Hahahaha howww true. This neurologist I know said he would fall asleep at his desk after work from exhaustion when he was in private practice. but when he went back to being in academia after 15 years of being out of academia he felt much better and able to have more time.
This really varies, but I think that professors at medical schools are doing a lot more work than you perceive. For example, many have most or all of the following responsibilites:
-develop their own courses (lecture notes, homework, quizzes, exams, office
hours, help sessions, coordinate with lab, TAs
-run a research program
-grant writing (constantly, and usually several at the same time)
-grant administration
-review other people's manuscripts and proposals
-organize and chair symposia and conferences
-prepare poster and oral presentations
-conduct research
-direct undergraduate students, graduate students and postdocs in research group
-group meetings
-evaluate progress reports
-countless meetings with their students
-write progress reports to grant agencies
-write manuscripts (journal articles, book chapters)

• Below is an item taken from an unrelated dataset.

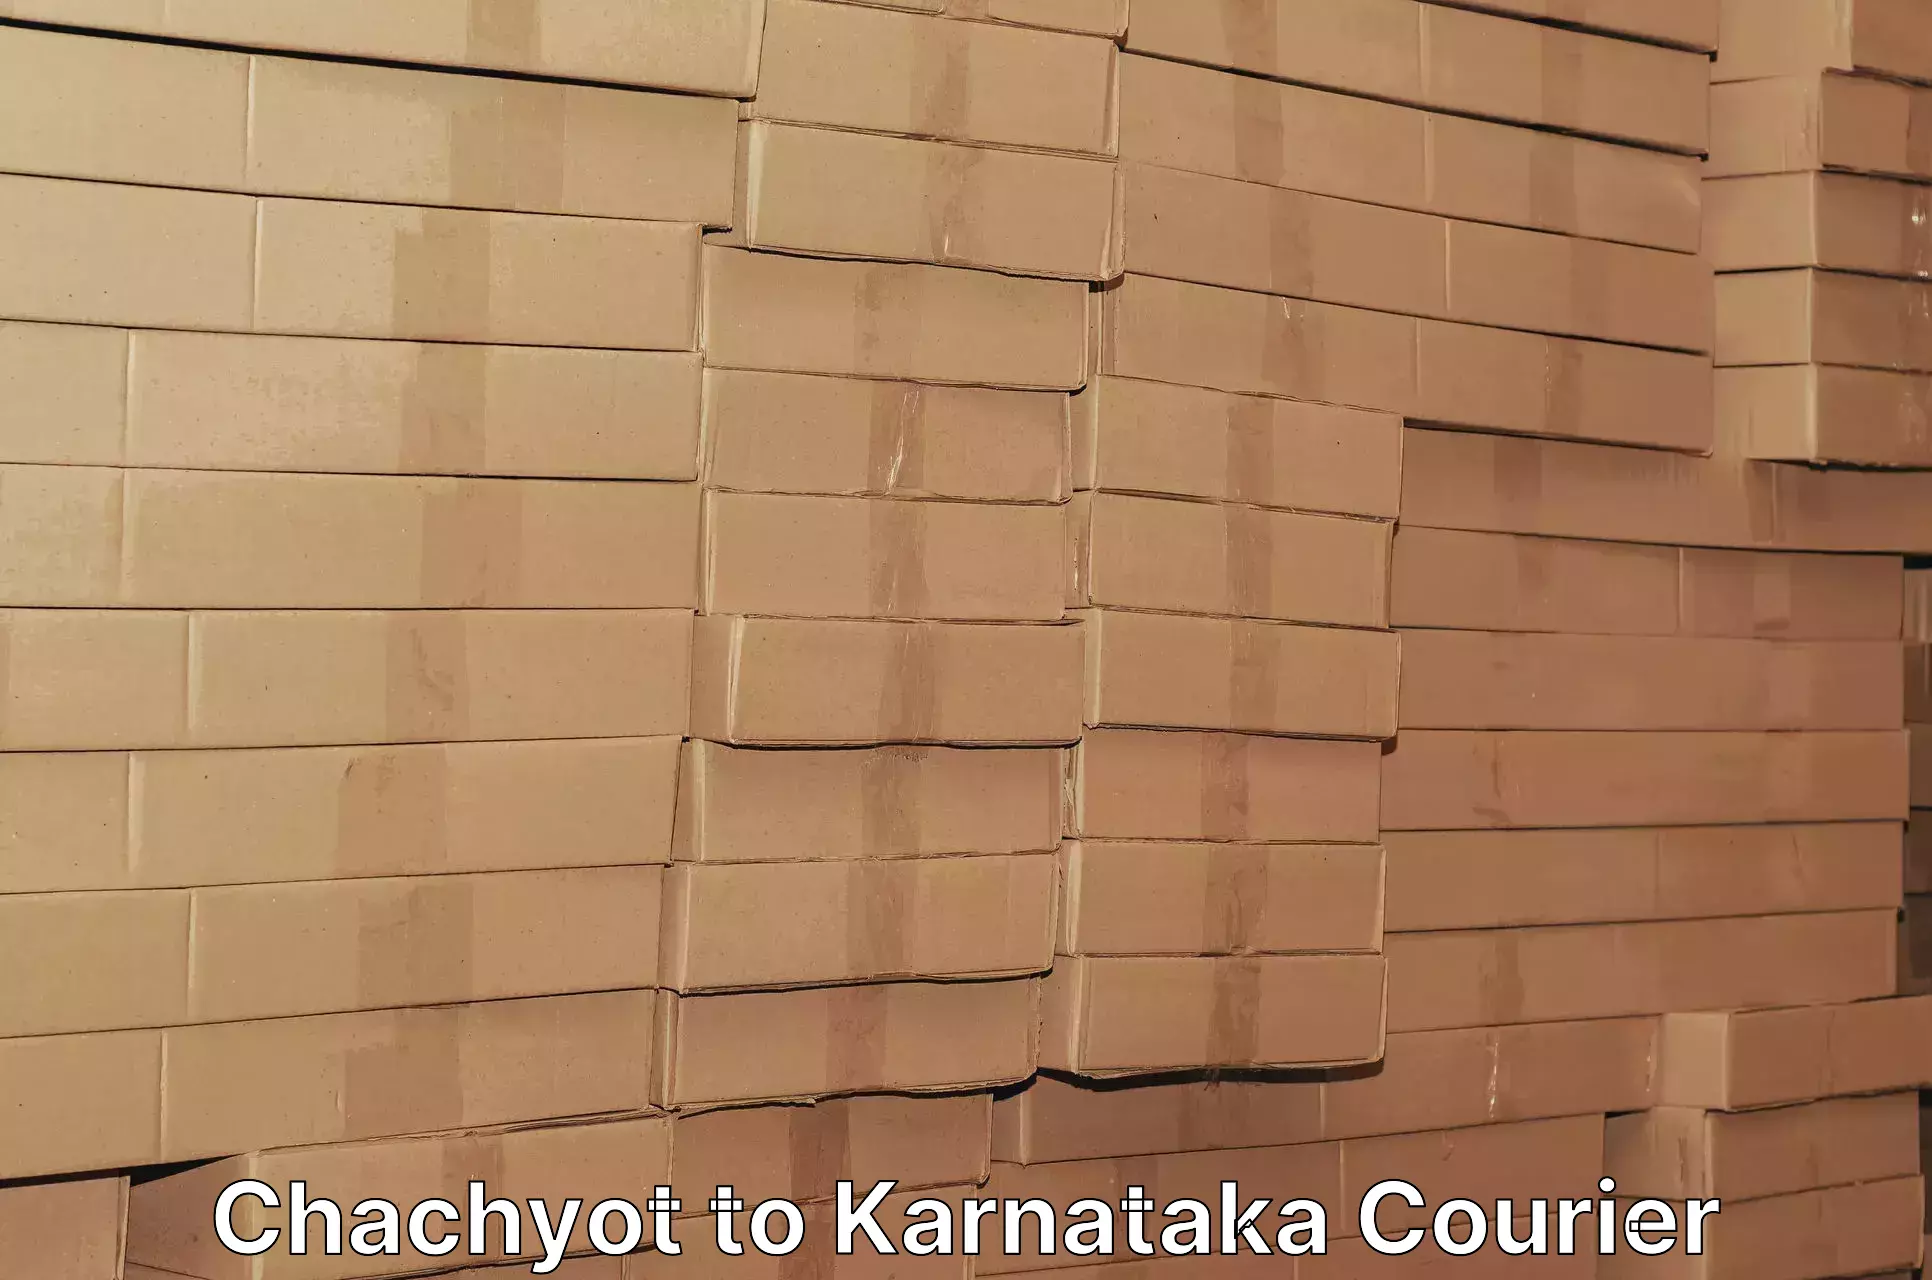 On-demand courier Chachyot to Karnataka
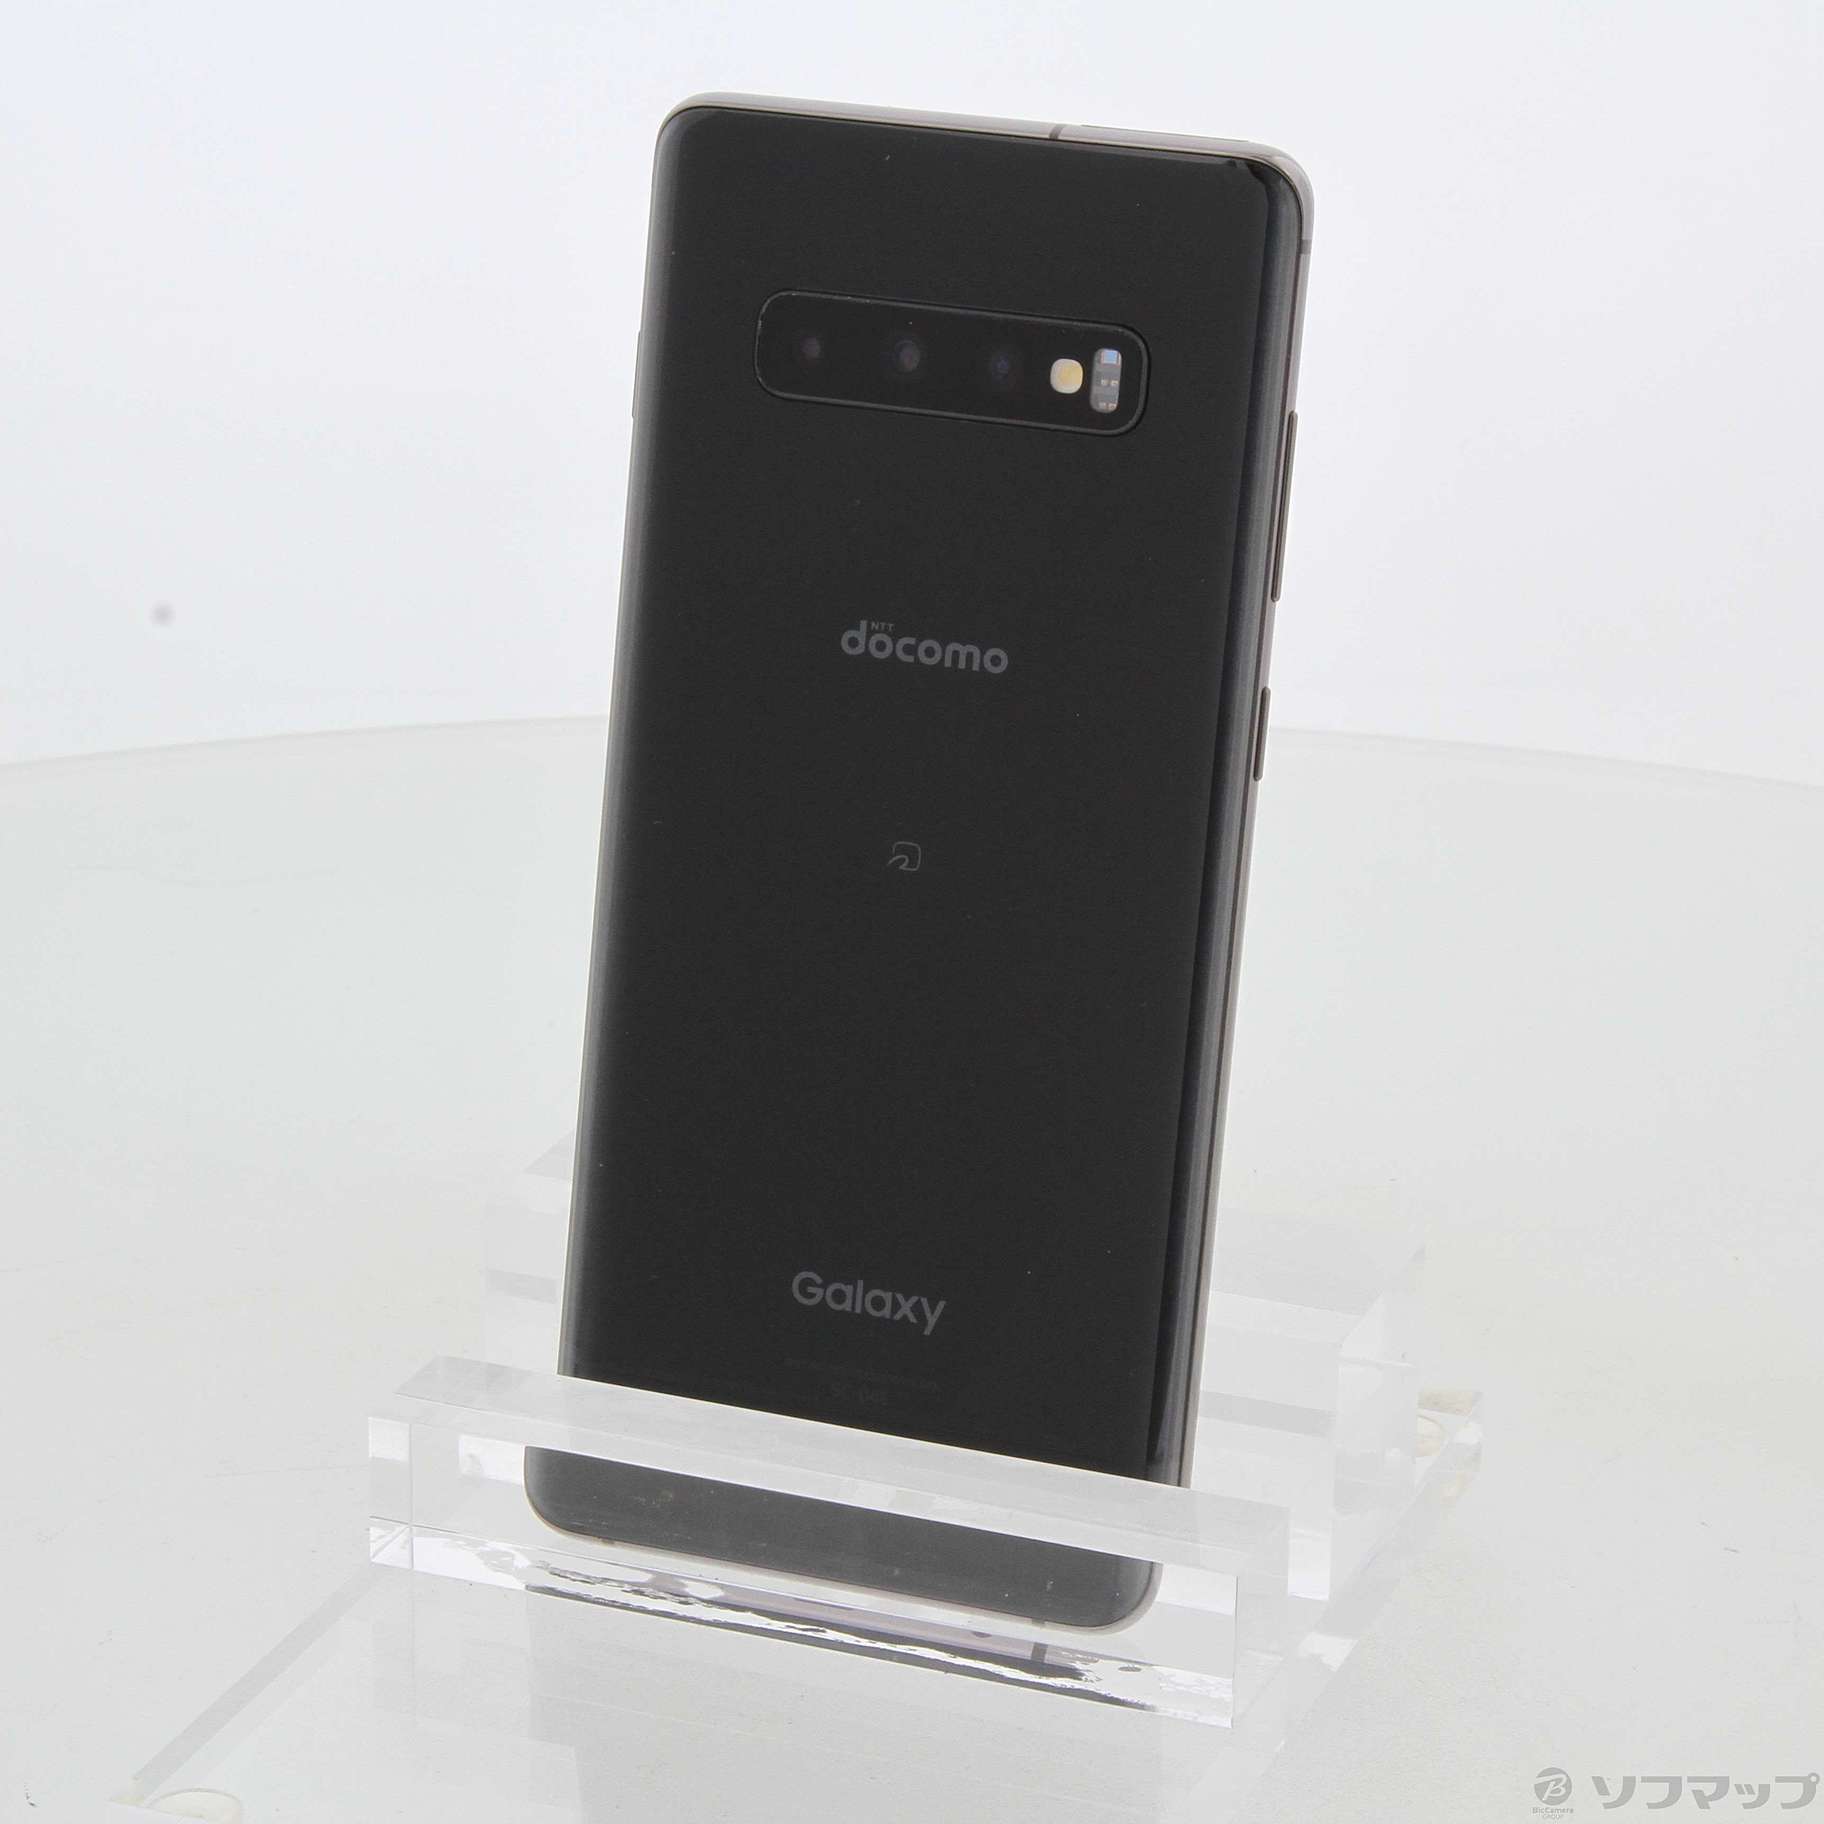 Galaxy S10＋ Prism Black 128 GB docomo 箱有即購入可能大歓迎です

-attend divisional and departmental and university meetings
-organize, host and attend seminars and meet with the speakers
-come up with new research ideas and develop them
-give lectures at other universities and companies
-attend graduate student seminars, qualifying or cumulative examinations (and
make up and grade the latter)
-attend thesis defenses
-compliance meetings (e.g. OSHA, budget, technology transfer, etc
-review textbooks
-participate in university committees
oh yeah, and they SEE PATIENTS too. Admittedly clinical faculty will have fewer of these responsibilites, but academics work very hard regardless, at least in my experience.